**Assignment:**
Skip all pictures. Set down only the lines starting at the line containing "Lotus flower tattoo designs free image collections flower" and running to the end of the listing.

**Recorded information:**
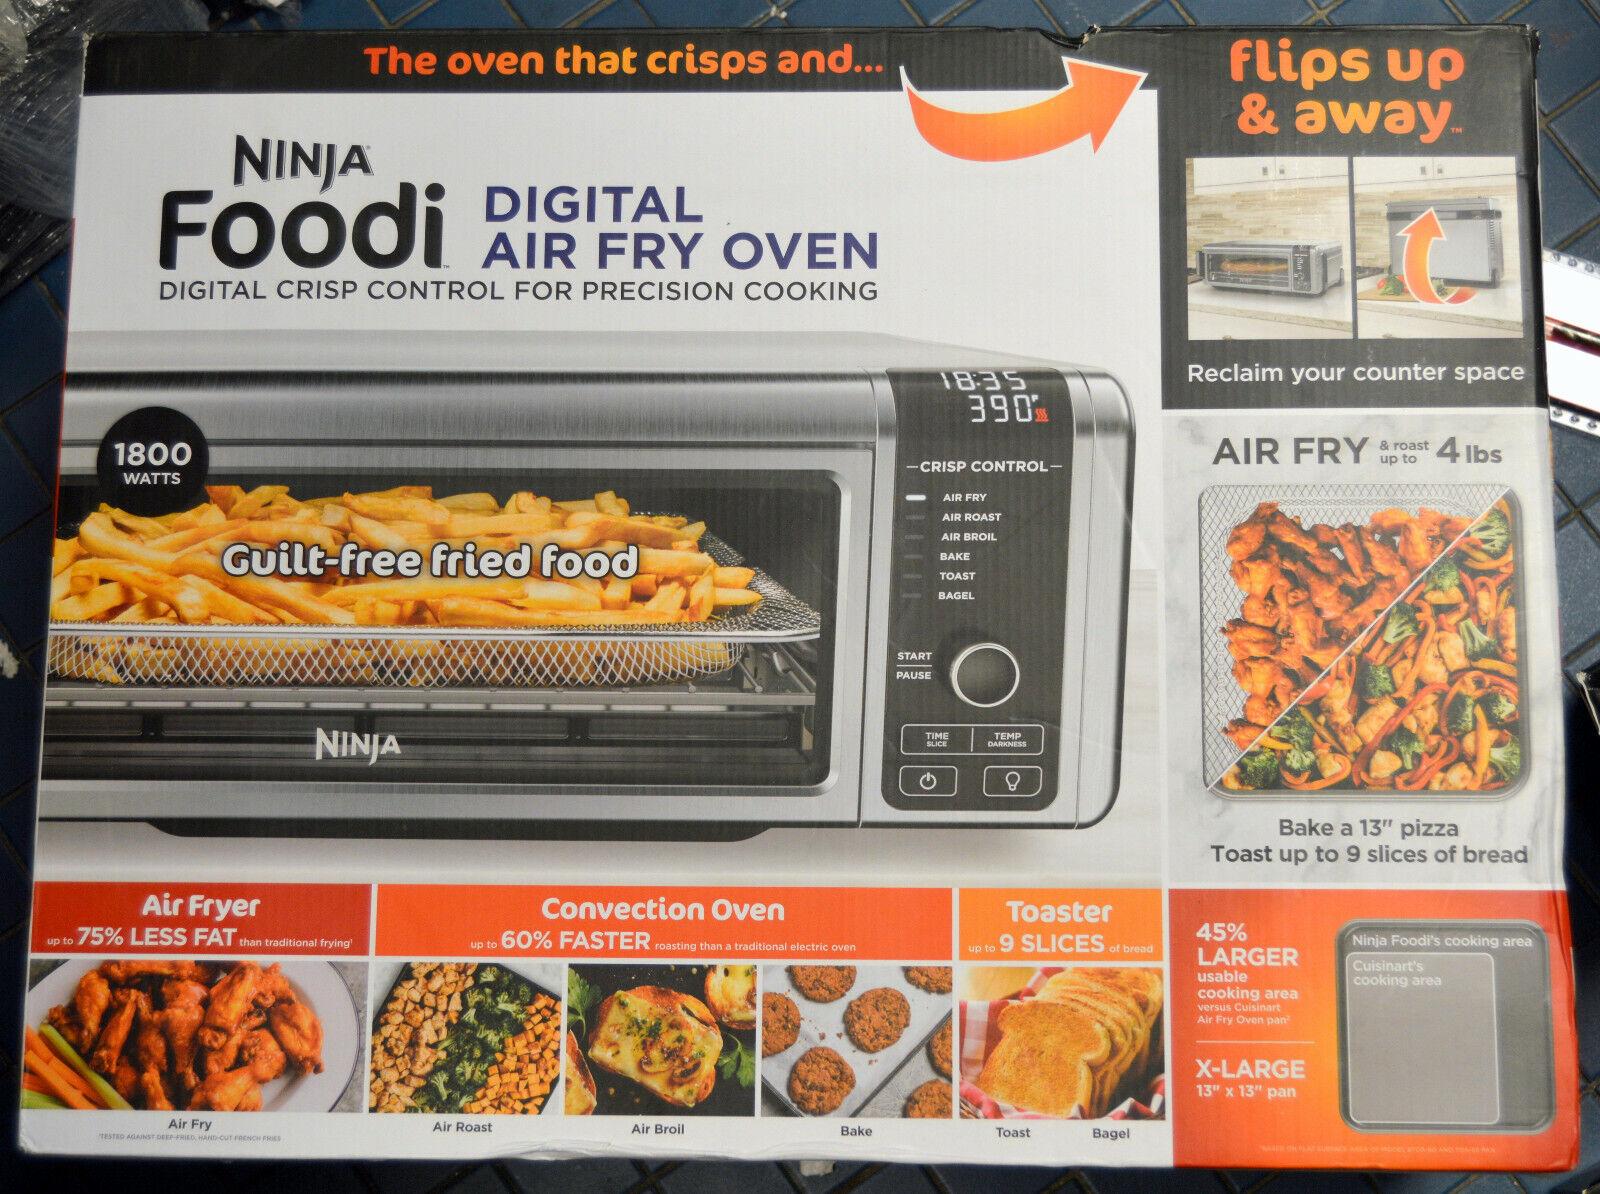 Ninja Foodi SP100 Digital Air Fryer Oven Convection Oven Toa
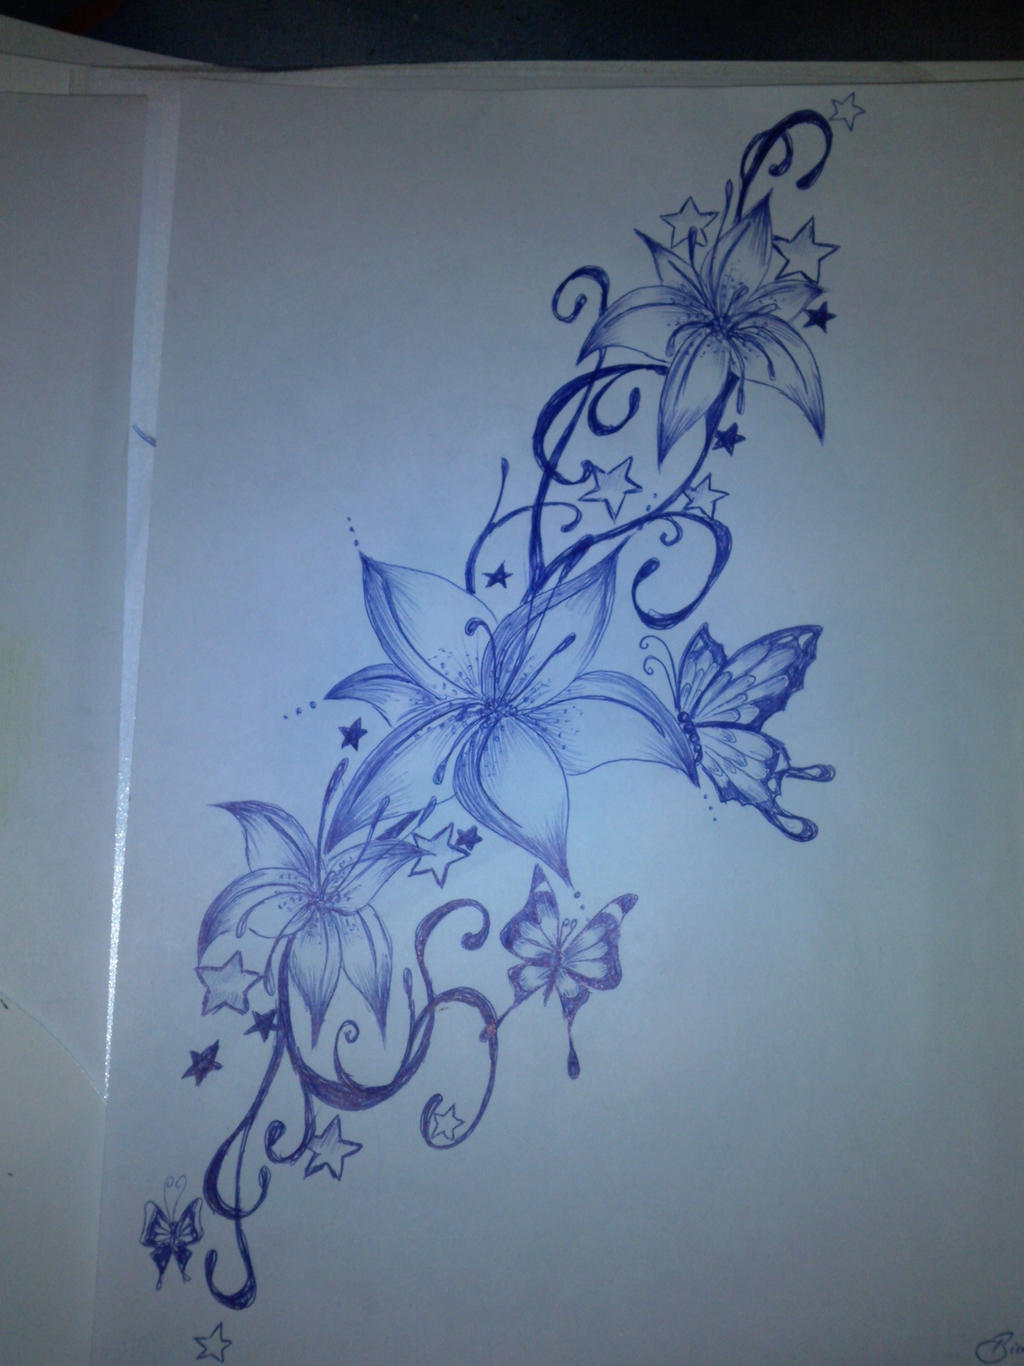 Lotus flower tattoo designs free image collections flower wallpaper hd lotus flower tattoo designs free gallery flower wallpaper hd lotus flower tattoo designs free image collections izmirmasajfo
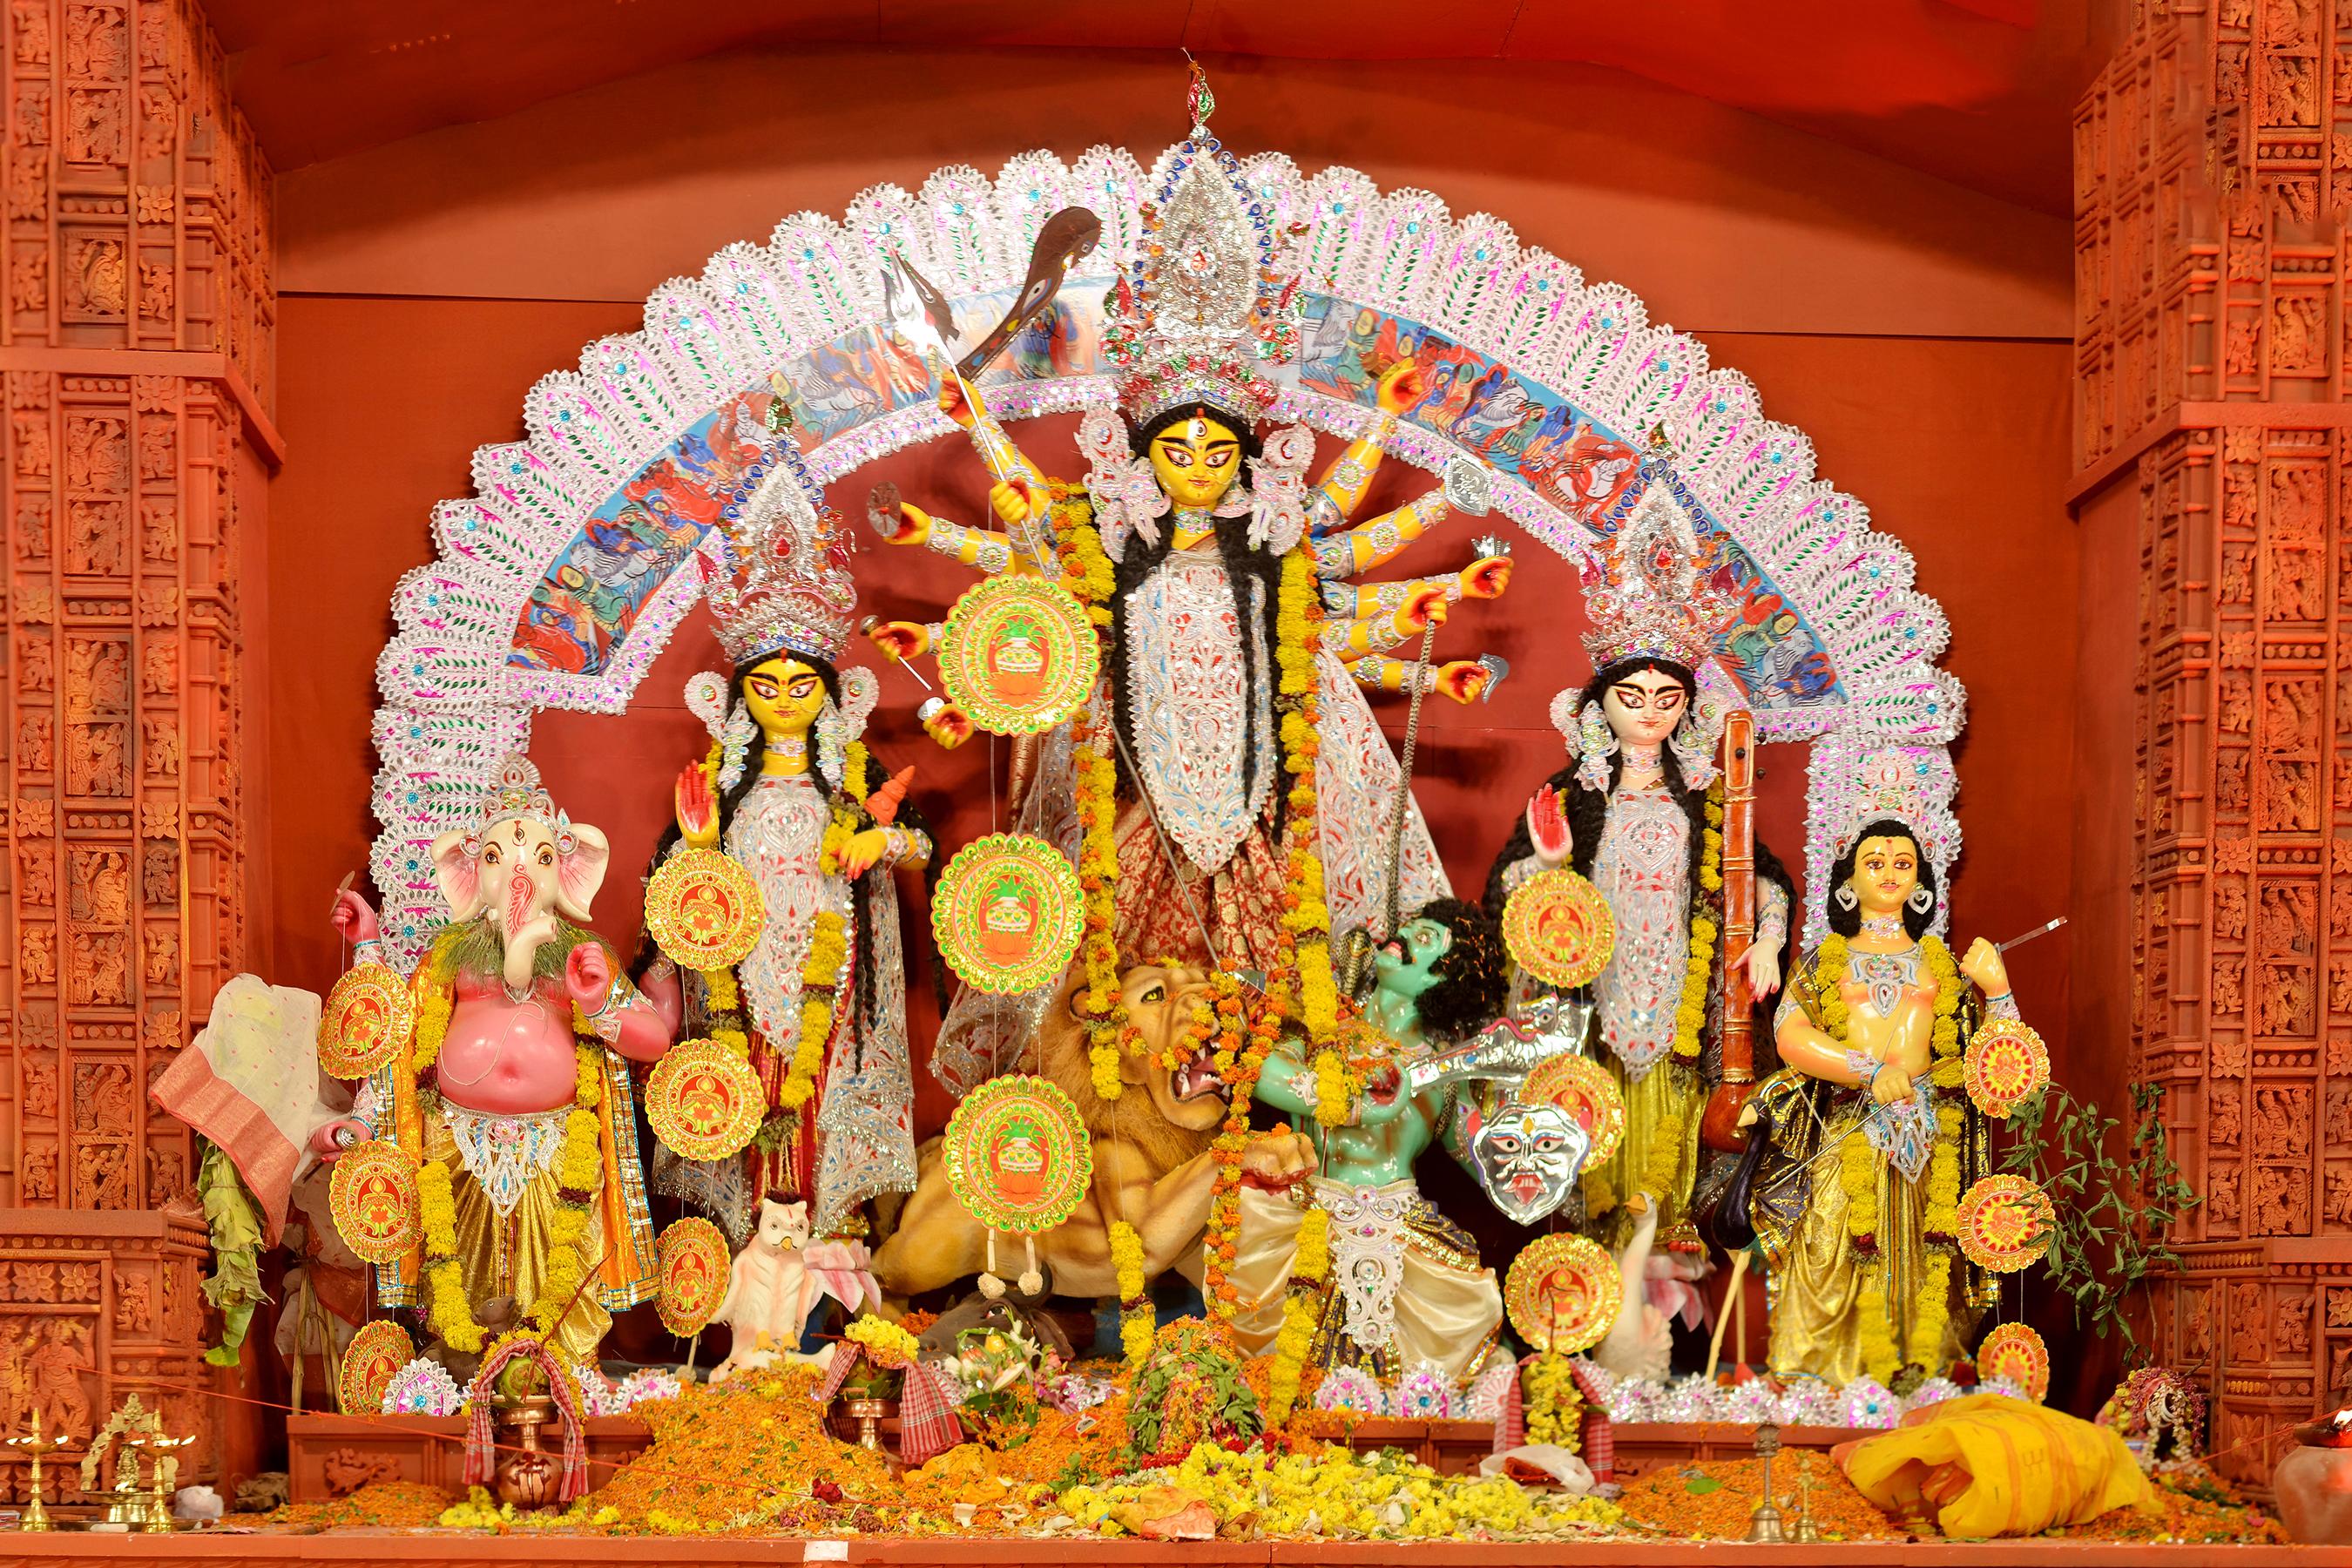 Committes brainstorm over Drive in darshan this Durga Puja in Kolkata

**Solution for this exercise:**
 Lotus flower tattoo designs free image collections flower wallpaper hd lotus flower tattoo designs free gallery flower wallpaper hd lotus flower tattoo designs free image collections izmirmasajfo
 Committes brainstorm over Drive in darshan this Durga Puja in Kolkata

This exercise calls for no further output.